Action item: From the line holding "Batalla campal entre" through the line holding "Carrera Sunglasses CA116/S 1O9/Z0 51" below, write out every line exactly; include both of those lines and drop the pictures.

Dataset:
-*-*-
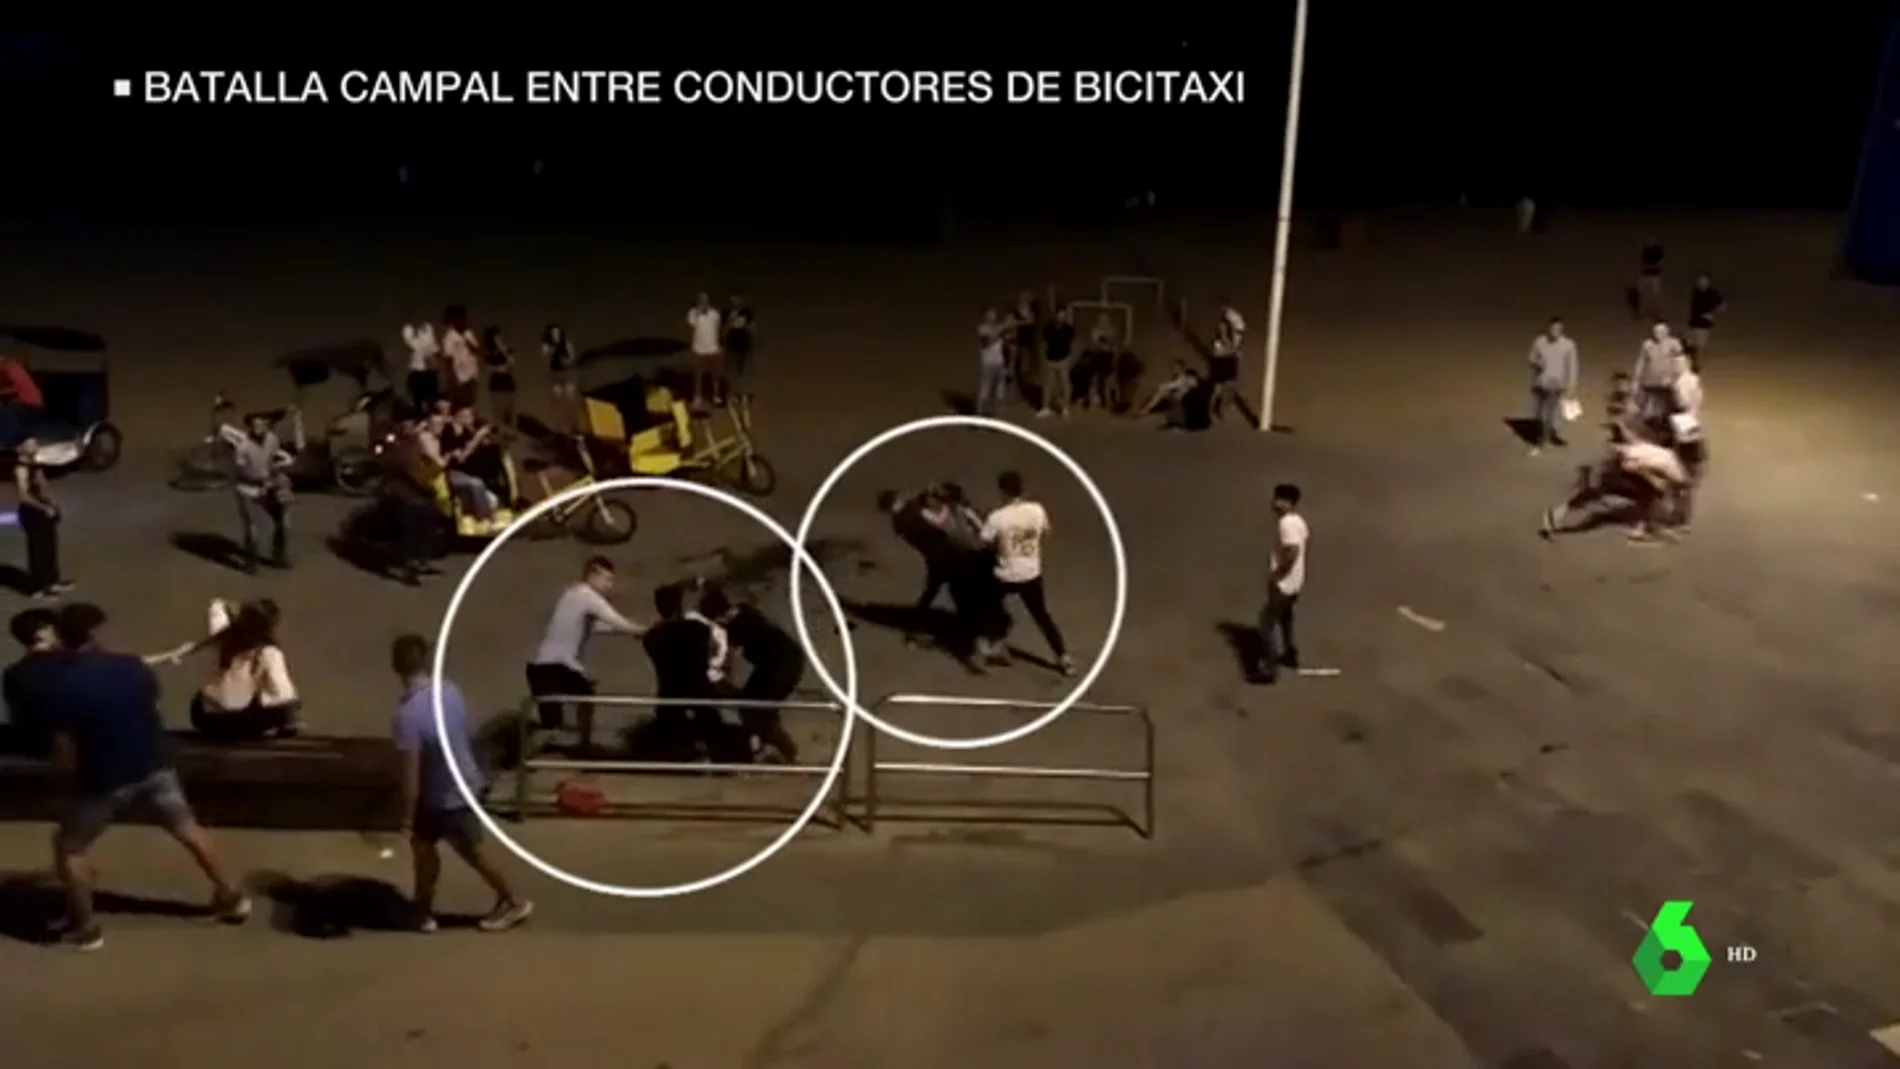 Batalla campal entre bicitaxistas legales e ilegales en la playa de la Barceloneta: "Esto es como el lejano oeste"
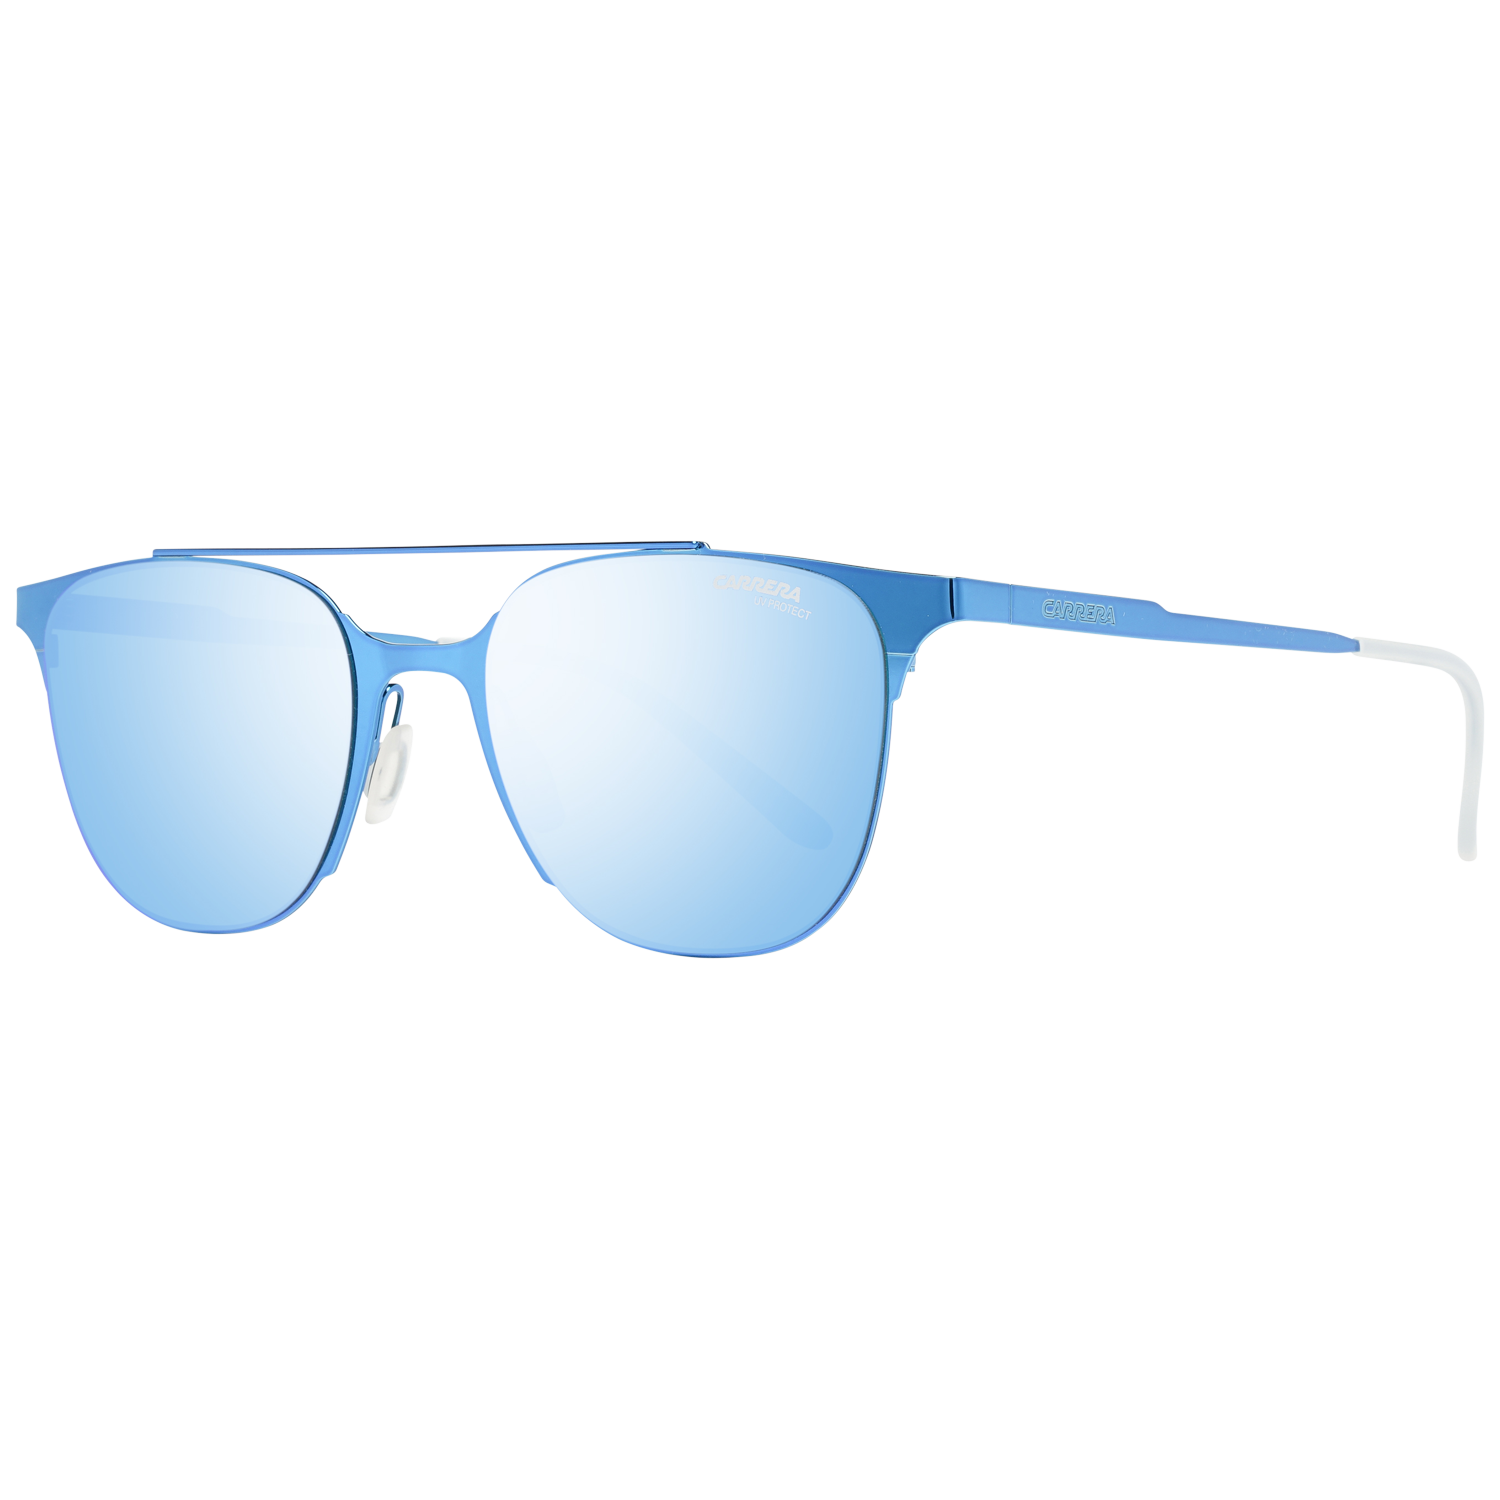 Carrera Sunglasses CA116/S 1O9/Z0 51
-*-*-
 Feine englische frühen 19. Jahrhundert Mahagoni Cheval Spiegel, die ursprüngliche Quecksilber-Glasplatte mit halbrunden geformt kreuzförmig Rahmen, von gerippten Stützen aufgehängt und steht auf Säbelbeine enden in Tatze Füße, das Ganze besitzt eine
-*-*-
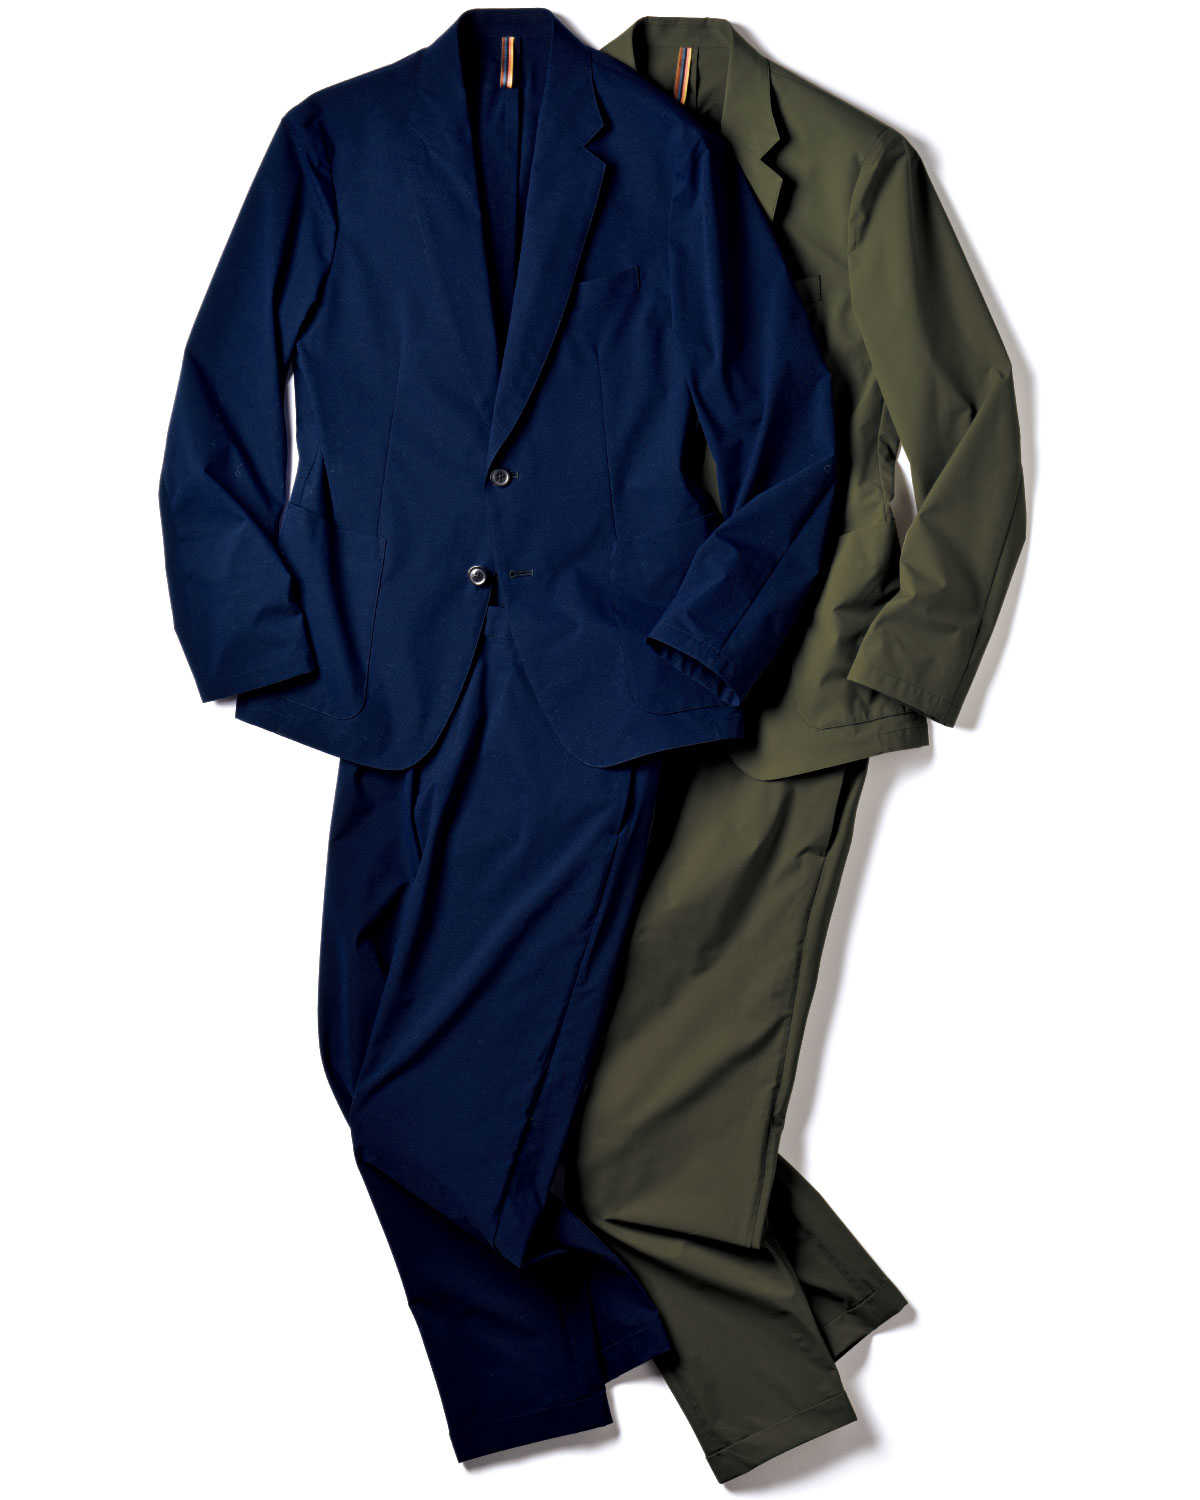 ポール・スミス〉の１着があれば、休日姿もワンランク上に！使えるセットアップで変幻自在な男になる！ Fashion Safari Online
-*-*-
Response to this task:
 Batalla campal entre bicitaxistas legales e ilegales en la playa de la Barceloneta: "Esto es como el lejano oeste"
 Carrera Sunglasses CA116/S 1O9/Z0 51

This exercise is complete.